Dataset content section start

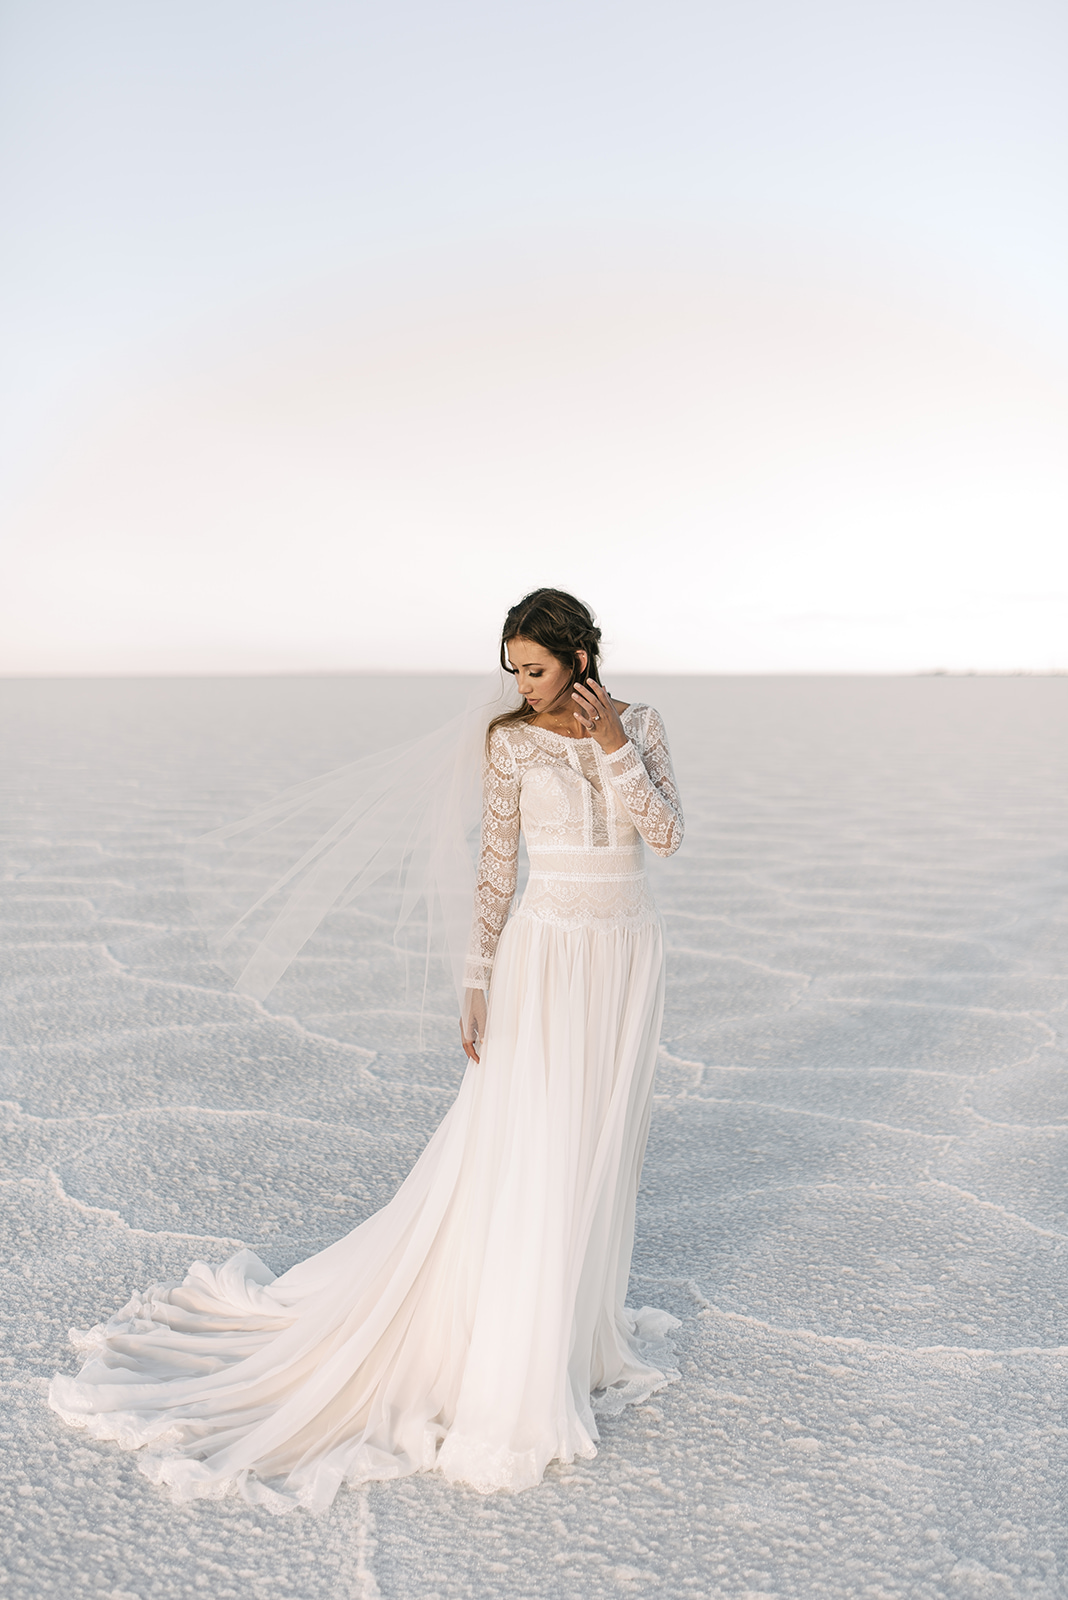 Real Bride at Salt Flats Wearing Lace Long Sleeve Winter Wedding Dress Deirdre by Maggie Sottero
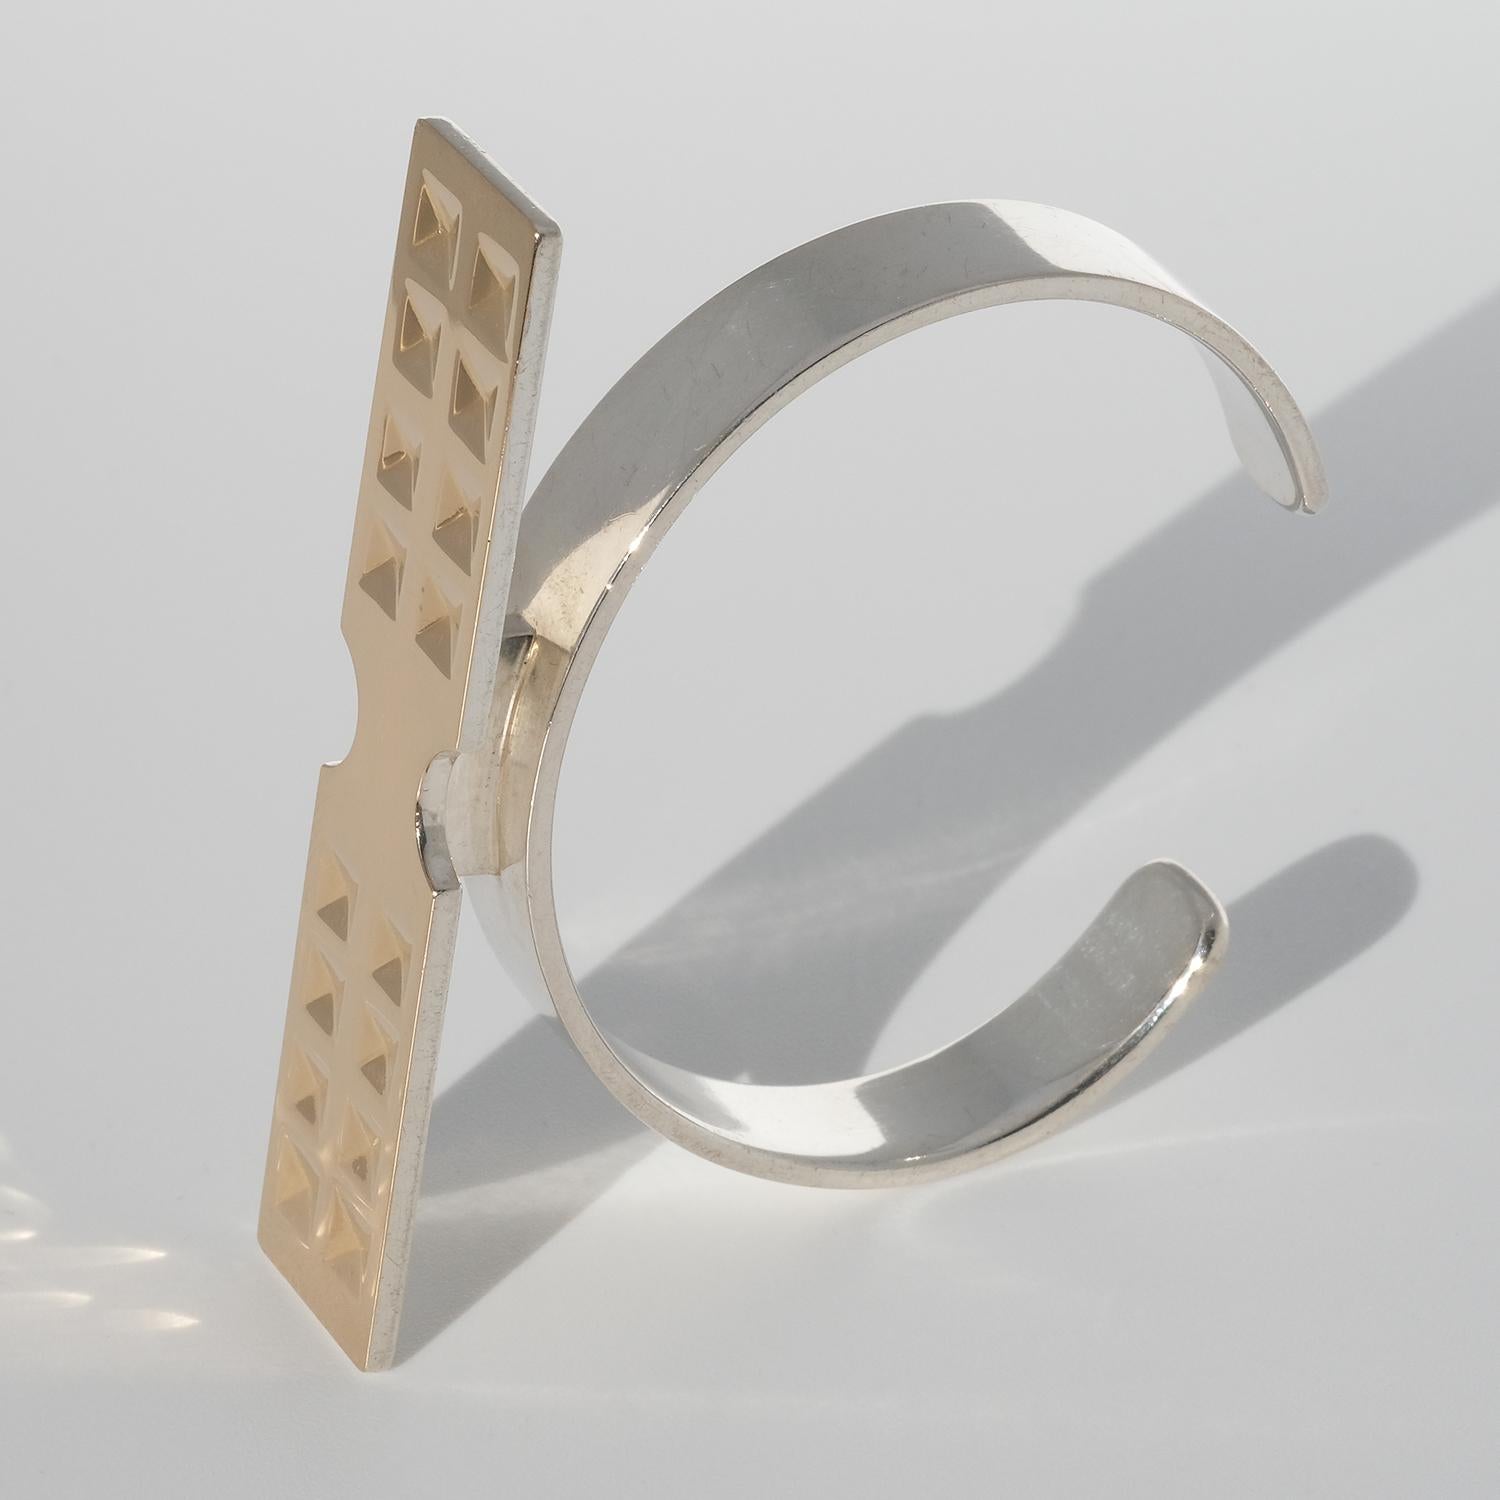 This sterling silver cuff bracelet has gold on its upper part. The fixed cuff bracelet is excellent with its firm, waffled adornment and geometrically curved arms. This bracelet sums up all the fabulous things about the eighties.

The cuff bracelet

Dataset content section end

» **Work instructions**
Every line of the data should be transcribed exactly. Omit the images.

» **Exercise output**
 Real Bride at Salt Flats Wearing Lace Long Sleeve Winter Wedding Dress Deirdre by Maggie Sottero
 This sterling silver cuff bracelet has gold on its upper part. The fixed cuff bracelet is excellent with its firm, waffled adornment and geometrically curved arms. This bracelet sums up all the fabulous things about the eighties.

The cuff bracelet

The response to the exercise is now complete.